Let $x_1,\ldots,x_n$ be observations from a normal distribution with mean $0$ and s.d $s_1$.
Similarly let $y_1,\ldots,y_m$ be observations from a normal distribution with mean $0$ and s.d $s_2$.
Find the combined likelihood.
I've written down the joint likelihood of the $x$ observations multiplied by the joint likelihood of the $y$ observations. I don't think this is correct however. Many thanks
That is correct if $(x_1,\ldots,x_n)$ is independent of $(y_1,\ldots,y_n)$.
For the following to be valid, one must assume all $n+m$ observations are independent. One has \begin{align} L(s_1,s_2) & = \prod_{i=1}^n \left(\frac1{\sqrt{2\pi}\,s_1} \exp\left(\frac{-1}2 \left( \frac{x_i}{s_1} \right)^2 \right)\right) \prod_{j=1}^n \left(\frac1{\sqrt{2\pi}\,s_2} \exp\left(\frac{-1}2 \left( \frac{y_j}{s_2} \right)^2 \right)\right) \\[10pt] & = \frac 1 {(2\pi)^{n+m} s_1^n s_2^m} \exp\left( \frac{-1}2 \left( \frac 1 {s_1^2} \sum_{i=1}^n x_i^2 + \frac 1 {s_2^2} \sum_{j=1}^m y_j^2 \right) \right), \end{align} so $$ \ell(s_1,s_2) = -n\log s_1 - m \log s_2 -\frac 1 2\left( \frac A{s_1^2} + \frac B {s_2^2} \right) + \text{constant} $$ where $A$ and $B$ are of course the sums of squares of the $x$s and $y$s.

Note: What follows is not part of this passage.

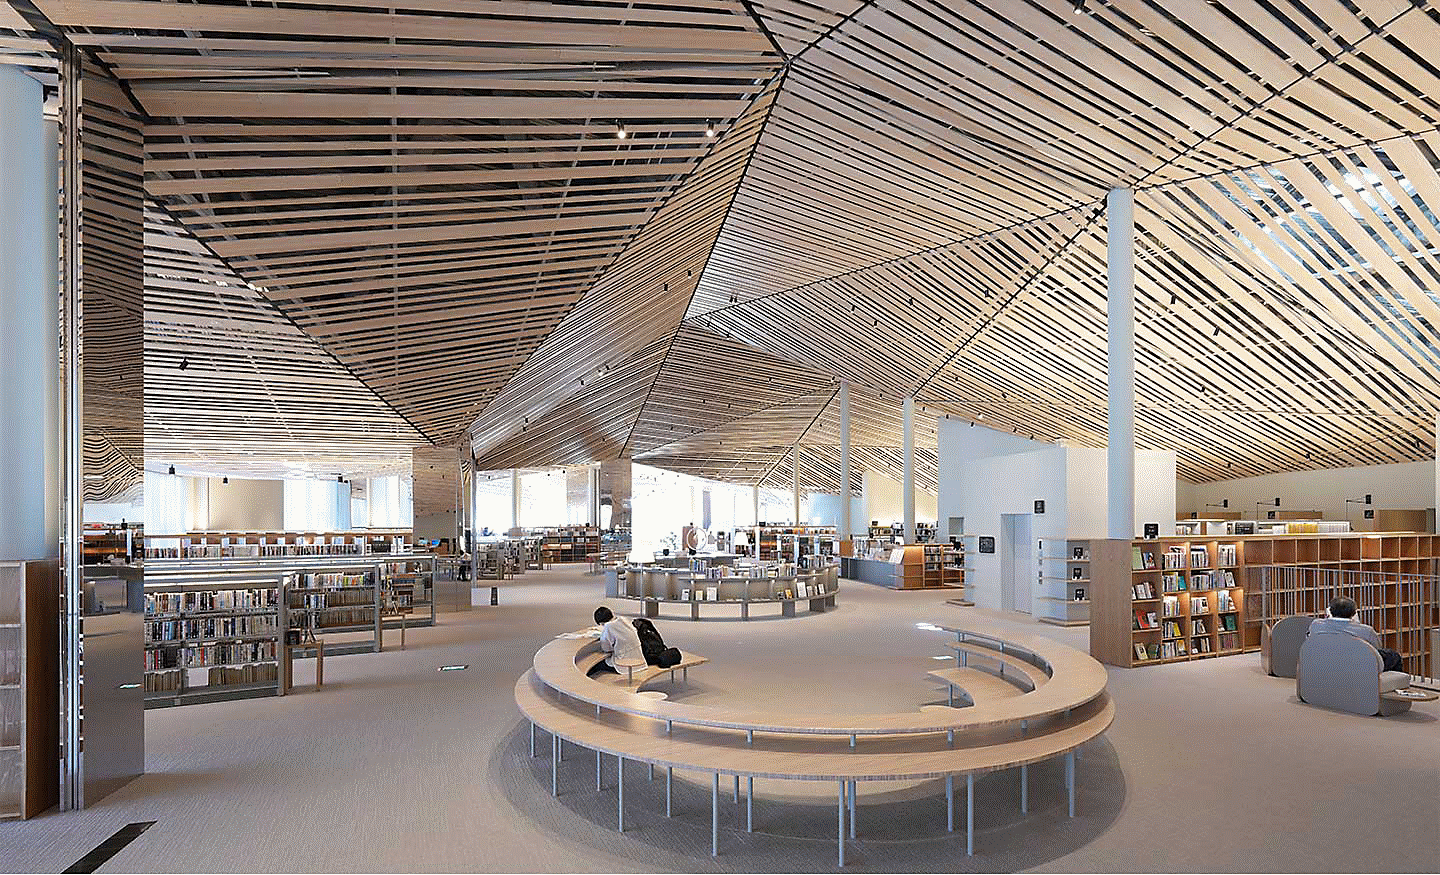 Image of the interior space of a large library with an elaborate design using many straight wood planks on the ceiling, with resolution to every corner of the screen
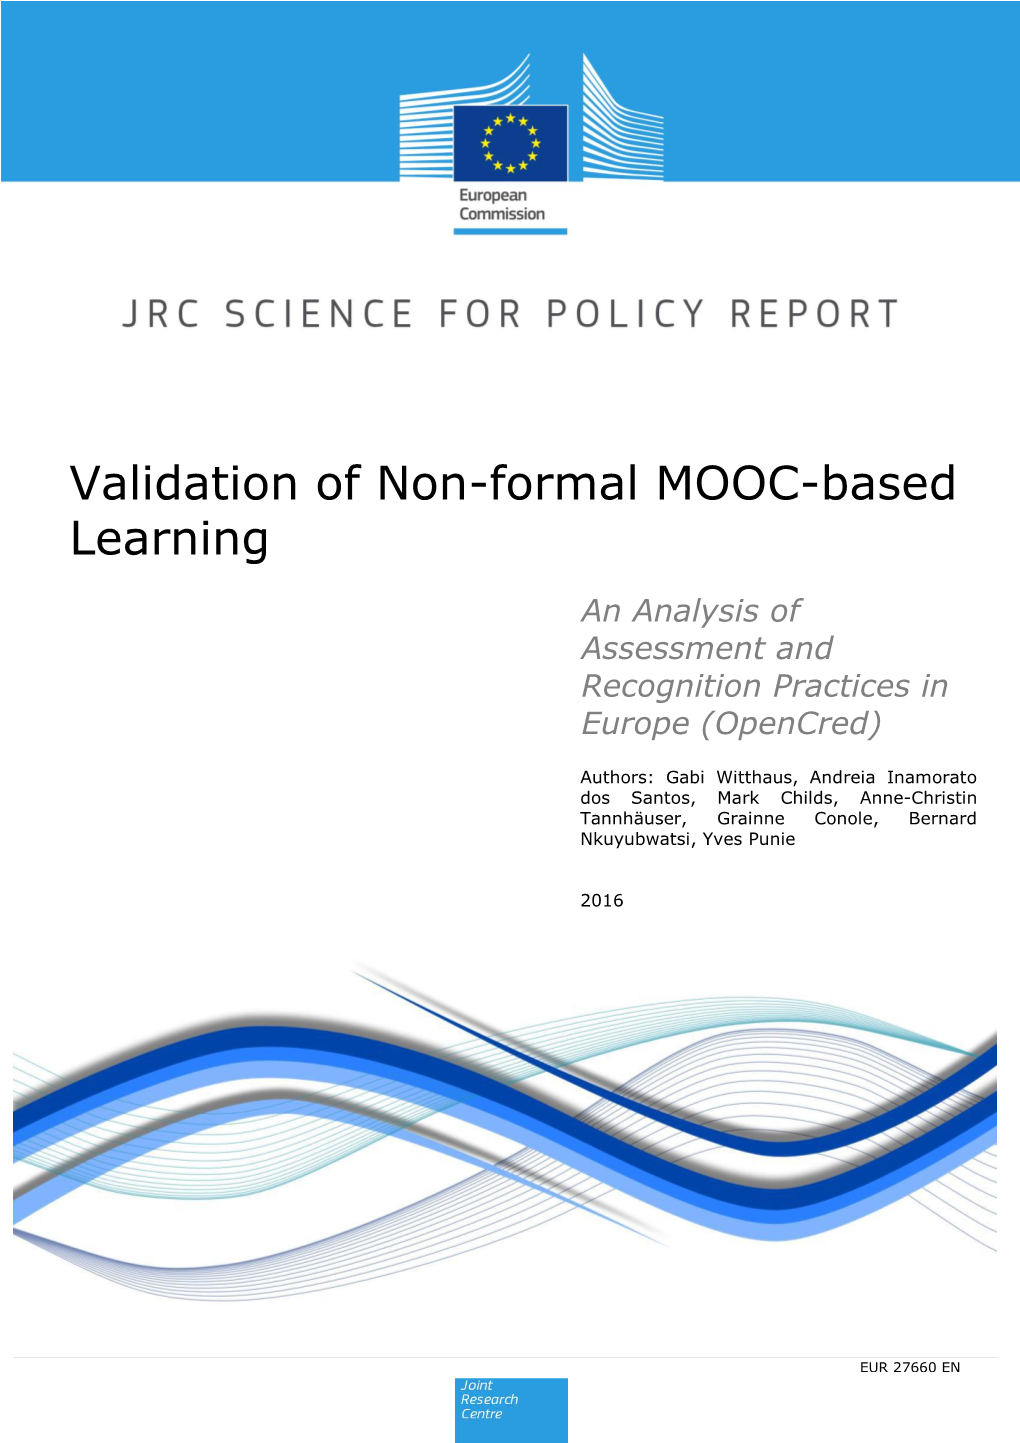 Validation of Non-Formal MOOC-Based Learning

PS in response to comments: Under the null hypothesis of equal variances, the log-likelihood is $$ \ell(s) = -(n+m)\log s -\frac 1 2 \left( \frac{A+B}{s^2} \right). $$ Then we have $$ \ell'(s) = \frac{-(n+m)}s + \frac{A+B}{s^3} = \frac{A+B-s^2(n+m)}{s^3} \begin{cases} >0 & \text{if }s^2<\frac{A+B}{n+m}, \\[10pt] = 0 & \text{if }s^2=\frac{A+B}{n+m}, \\[10pt] <0 & \text{if }s^2>\frac{A+B}{n+m}. \end{cases} $$ Therefore the MLE under the null hypothesis is $\widehat{s}= \sqrt{\frac{A+B}{n+m}}$. We have $$ \ell(\widehat{s}) = -(n+m)\log\widehat{s} - \frac 1 2 \frac{A+B}{\widehat{s}^2} = -\frac{n+m}2 \log\frac{A+B}{n+m} - \frac 1 2 \frac{A+B}{\left(\frac{A+B}{n+m}\right)}. \tag 1 $$ Under the alternative hypothesis we have $\widehat{s}_1=\sqrt{A/n}$ and $\widehat{s}_2=\sqrt{B/m}$, and then \begin{align} \ell(\widehat{s}_1,\widehat{s}_2) & = -n\log\widehat{s}_1-m\log\widehat{s}_2 -\frac 1 2 \left( \frac{A}{\widehat{s}_1^2} + \frac{B}{\widehat{s}_2^2}\right) \\[10pt] & = -\frac n 2 \log\frac A n - \frac m 2 \log \frac B m - \frac 1 2\left(\frac A {A/n} + \frac B {B/m} \right) . \tag 2 \end{align} Subtracting $(2)$ from $(1)$ we get the logarithm of the likelihood ratio: $$ -\frac{n+m} 2 \log\frac{A+B}{n+m} + \frac n 2 \log\frac A n + \frac m 2 \log \frac B m + \text{terms not depending on $A$ and $B$}. $$ It is easy (if a bit tedious) to show that this is a monotone function of $$ \frac{A/n}{B/m} $$ and that has an F-distribution with $n$ and $m$ degrees of freedom. You reject if this is either too big or too small.